Время тут, как мне кажется, остановилось сразу, как я уехал. А, может, оно здесь и не шло никогда, время то? Не знаю. Всё кажется таким убогим.
А она сидит и смотрит на меня. Непонятно смотрит так. Никогда не понимал, о чём она думала, когда смотрела на меня. Вот и сейчас не могу сообразить, то ли ужасается того, во что я превратился, то ли всколыхнулись былые чувства, что вряд ли, то ли просто смотрит, не о чём таком особо не думает. Да и бог с ней, пусть смотрит, я себя не стыжусь. Я вообще не понимаю, что я здесь у неё делаю и как оказался. Я перестал разглядывать обесцветившуюся свою Первую Любовь и посмотрел в потолок:
– Принеси ещё морса, пожалуйста. И расскажи, как я тут оказался.

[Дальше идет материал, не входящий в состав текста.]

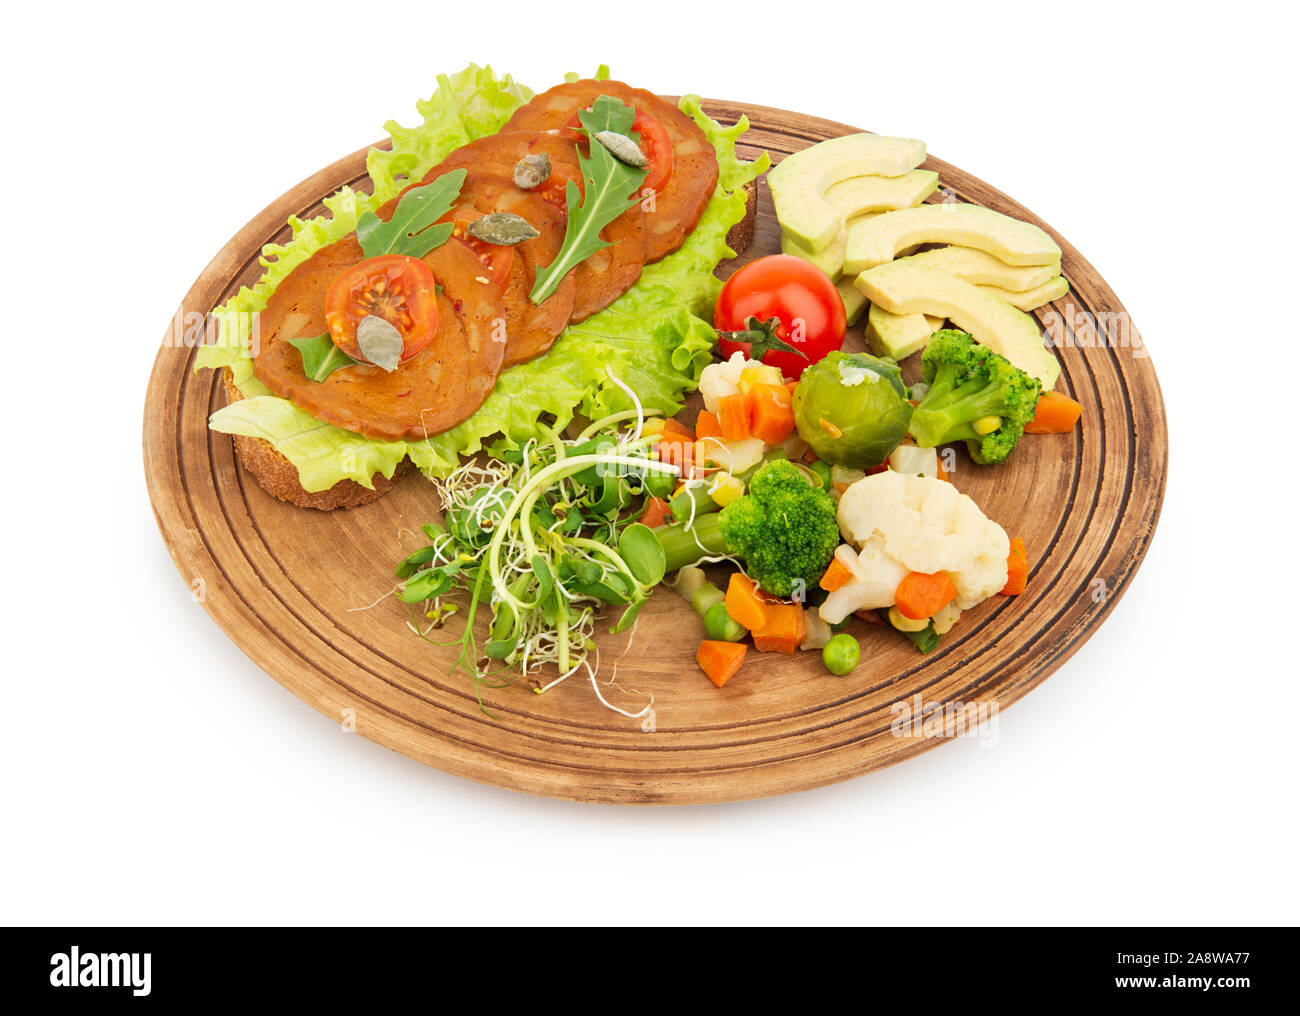 Le seitan et les légumes sandwich, Repas végétalien sain sur une assiette, isolé sur fond blanc avec ombre Banque D'Images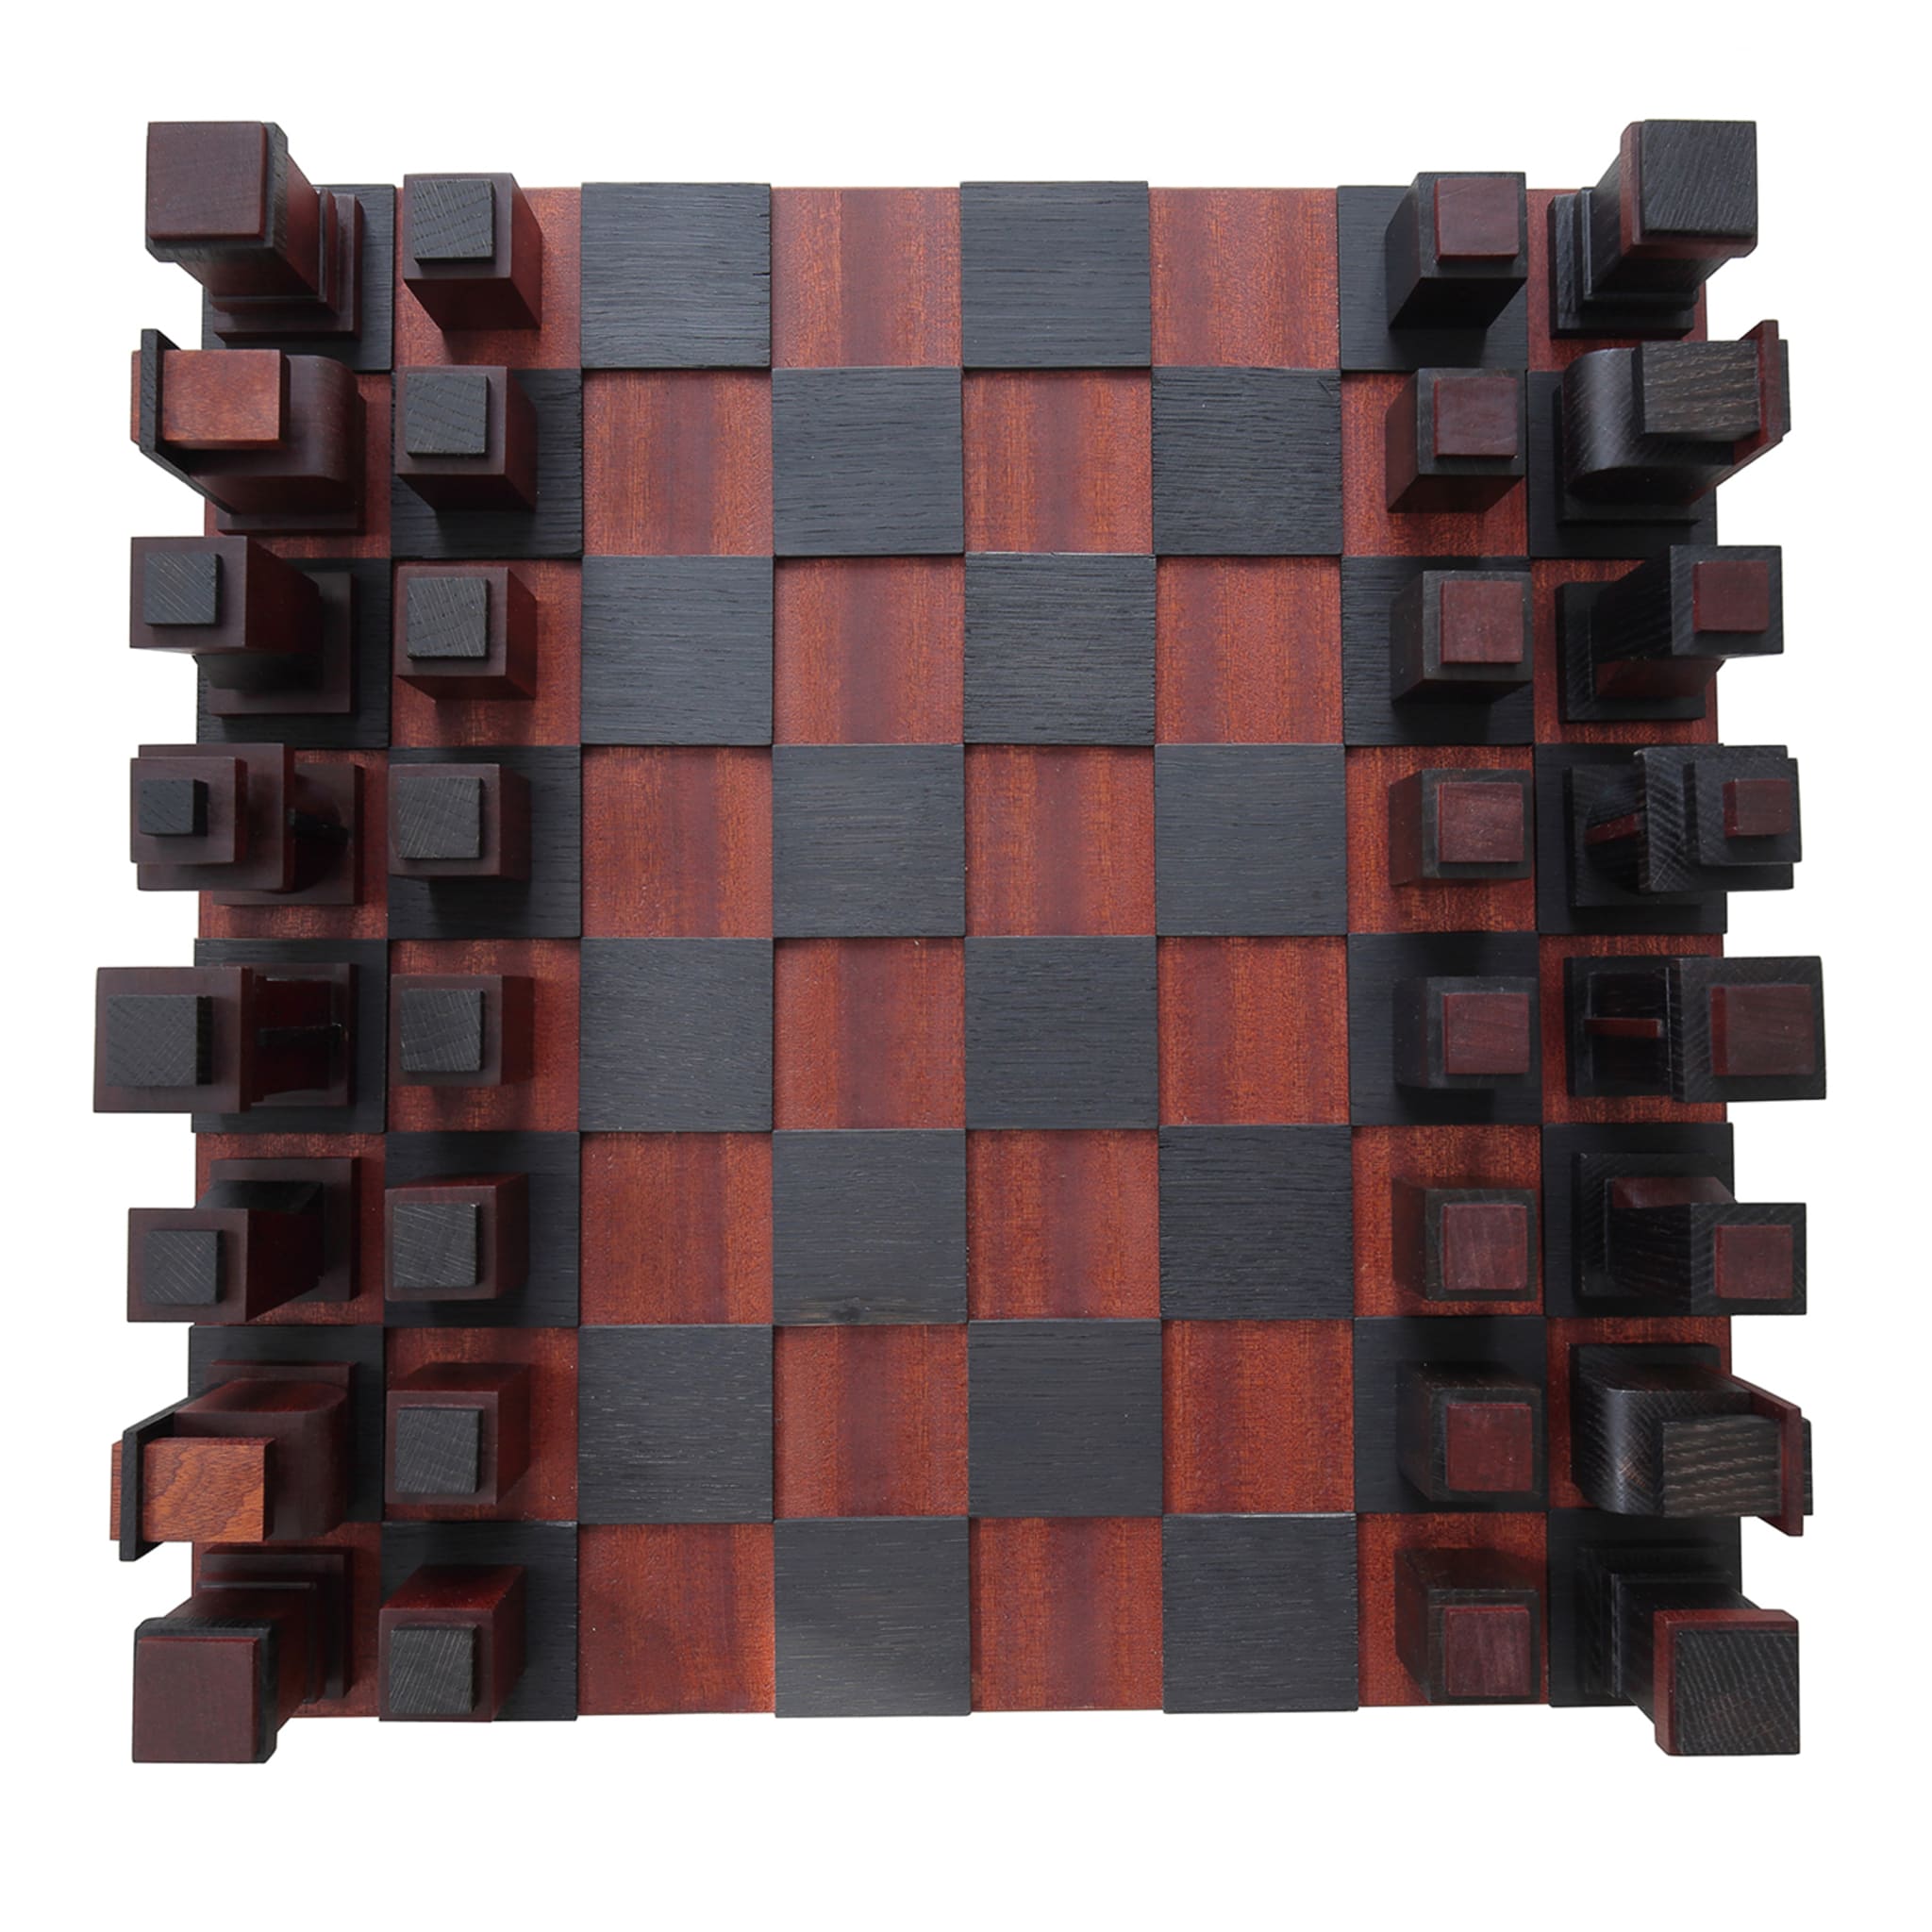 Juego de ajedrez Deodara - Vista principal

Она устало поднялась со стула и пошла на кухню, шаркая древними порванными тапками. Я остановил её:
– И это, слушай!
– Что?
– Привет!
Она улыбнулась. Снова как-то странно посмотрела на меня и ушла на кухню. Там стала чем-то бряцать, раздражая меня своей суетой, как и тогда, в прошлом. Сколько можно наливать морс? За это время можно борщ сварить. Как же долго. Вернулась. На лице написано «не нервничай».
– На, аккуратно, горячий.
Я взял чашку и стал греть руки, аккуратно дуя на морс, пытаясь его остудить. Я заметил, что синяки на моих руках почти прошли, да и сам я себя ощущал вполне прилично. Я аккуратно втянул жгучего морса вместе со струёй воздуха в рот. Горячо – то как! Проглотил и прослезился. Кайф какой! Теперь я готов слушать.
– Рассказывай.
– А что рассказывать? Разве не видно? Ты уехал, а жизнь продолжала длиться. Прости, ты же знаешь, я люблю нестандартные формы. У меня жизнь длится, а не идёт.
Я знал это, и именно это в ней порядочно раздражало. Пришлось утвердительно кивнуть и, немного успокоившись, откинув голову назад и закрыв глаза, продолжить слушать.
Первая Любовь заулыбалась моим, видимо написанным на лице, эмоциям, но продолжила:
– Ничего-ничего, слушай, уже не убежишь от меня. Не пугайся, я шучу, лежи спокойно. Начну снова. Ты уехал, я, конечно, начала страдать. Пока страдала, прошло несколько лет. Представляешь, сколько по тебе слёзы лила? А ты даже на связь ни разу не вышел. Плохой, да. За эти несколько лет одна за другой разрушились мои девичьи иллюзии о счастливой жизни. Принцев не существует, счастья нет и жизнь на самом деле говно. Это было тяжеловато воспринять моей тонкой душевной организации, я ведь поэтессой была, ты не забыл?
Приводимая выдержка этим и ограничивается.